I have more experience with Rs data.table , but I'm trying to learn pandas . In data.table I can do something like this:
> head(dt_m) event_id device_id longitude latitude time_ category 1: 1004583 -100015673884079572 NA NA 1970-01-01 06:34:52 1 free 2: 1004583 -100015673884079572 NA NA 1970-01-01 06:34:52 1 free 3: 1004583 -100015673884079572 NA NA 1970-01-01 06:34:52 1 free 4: 1004583 -100015673884079572 NA NA 1970-01-01 06:34:52 1 free 5: 1004583 -100015673884079572 NA NA 1970-01-01 06:34:52 1 free 6: 1004583 -100015673884079572 NA NA 1970-01-01 06:34:52 1 free app_id is_active 1: -5305696816021977482 0 2: -7164737313972860089 0 3: -8504475857937456387 0 4: -8807740666788515175 0 5: 5302560163370202064 0 6: 5521284031585796822 0 dt_m_summary <- dt_m[, .( mean_active = mean(is_active, na.rm = TRUE) , median_lat = median(latitude, na.rm = TRUE) , median_lon = median(longitude, na.rm = TRUE) , mean_time = mean(time_) , new_col = your_function(latitude, longitude, time_) ) , by = list(device_id, category) ]

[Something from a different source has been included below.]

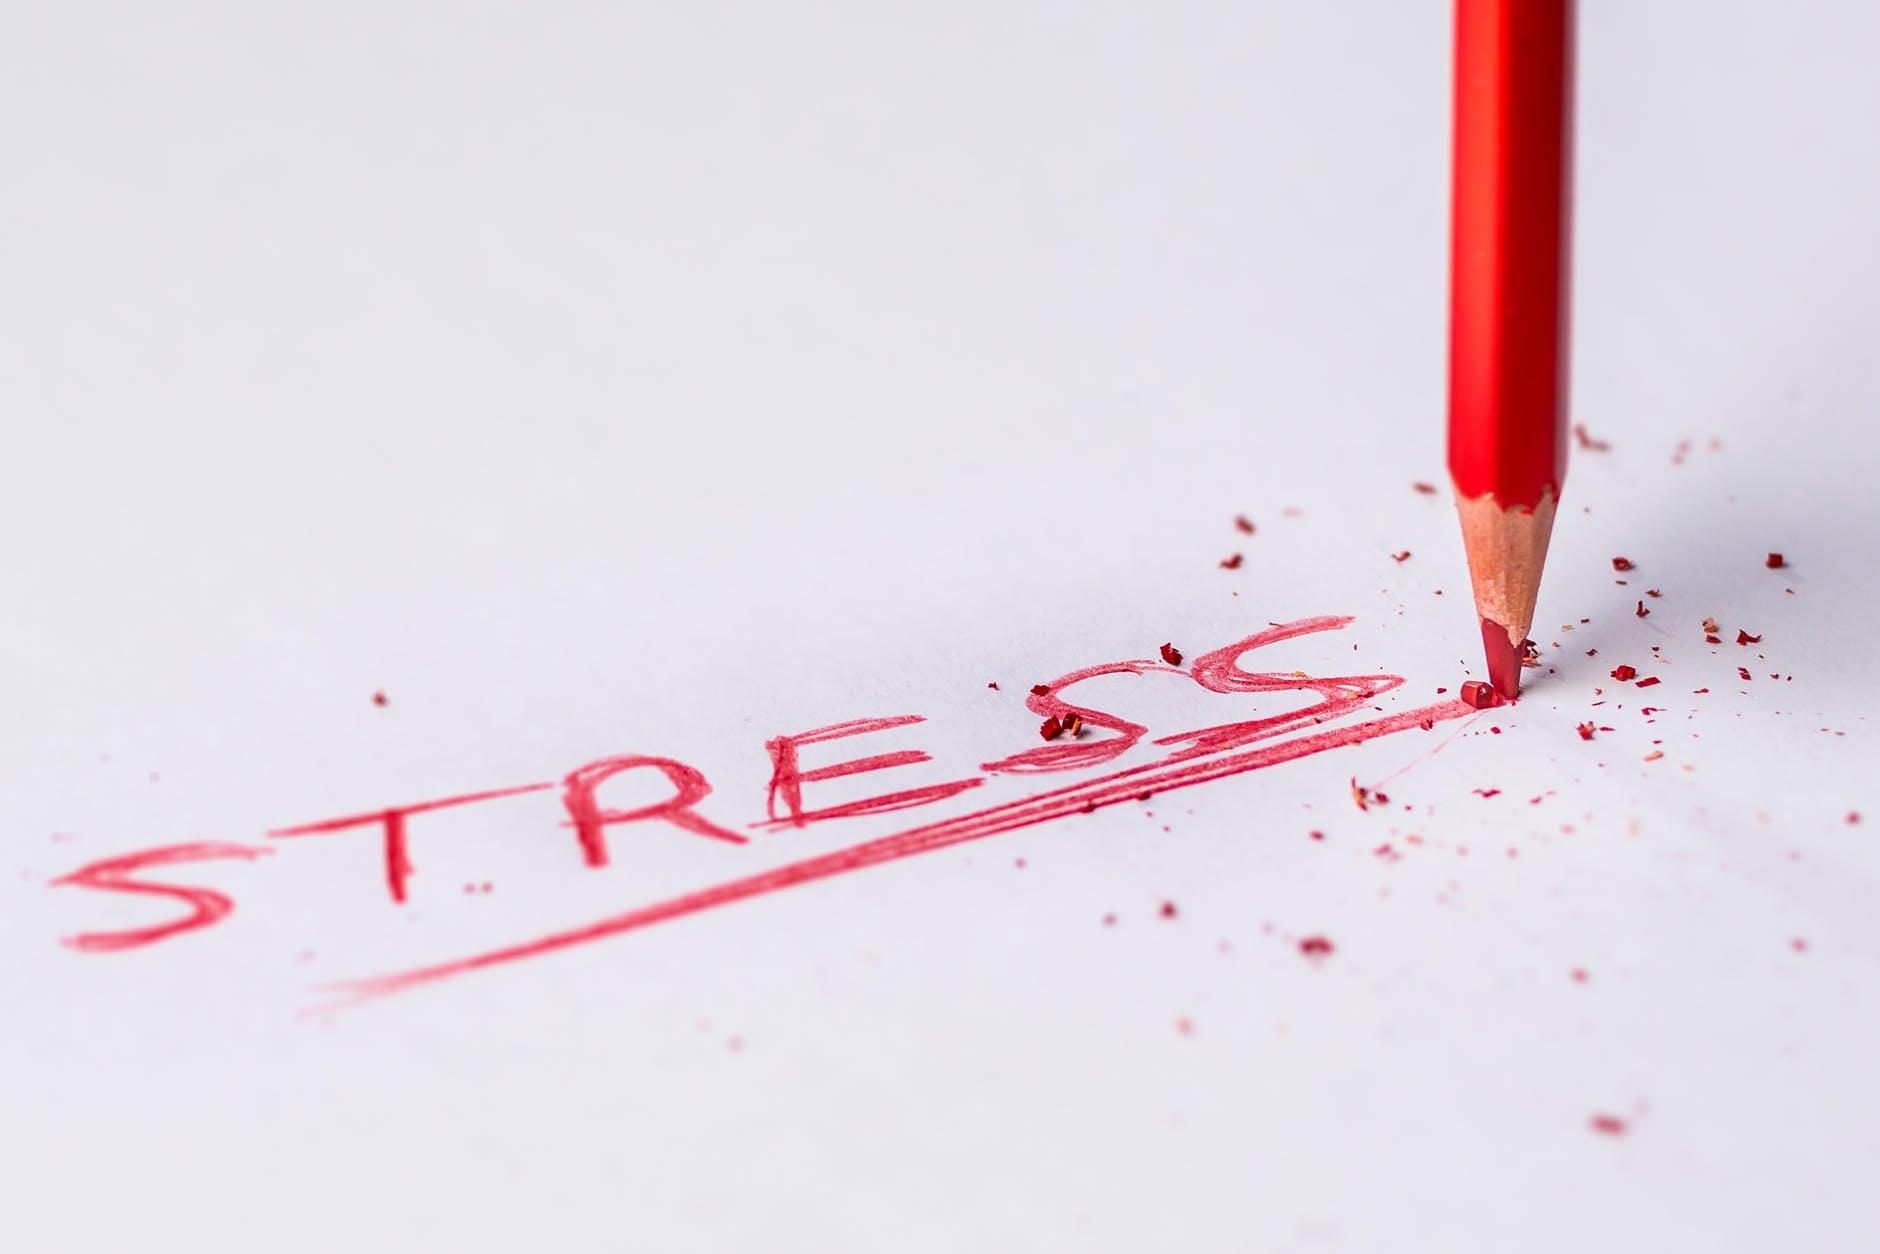 perbedaan stres dan depresi

New columns ( mean_active via new_col ), as well as device_id and category will appear in dt_m_summary . I could also do a similar by conversion on the source table if I need a new column that has groupby-apply results:
dt_m[, mean_active := mean(is_active, na.rm = TRUE), by = list(device_id, category)]
(in case I wanted, for example, to select strings where mean_active greater than some threshold, or to do something else).
I know there is groupby in pandas , but I have not found a way to make it look like simple transforms, as mentioned above. The best I could think of is to make a series of group requests and then combine the results into a single dataframe , but that seems very awkward. Is there a better way to do this?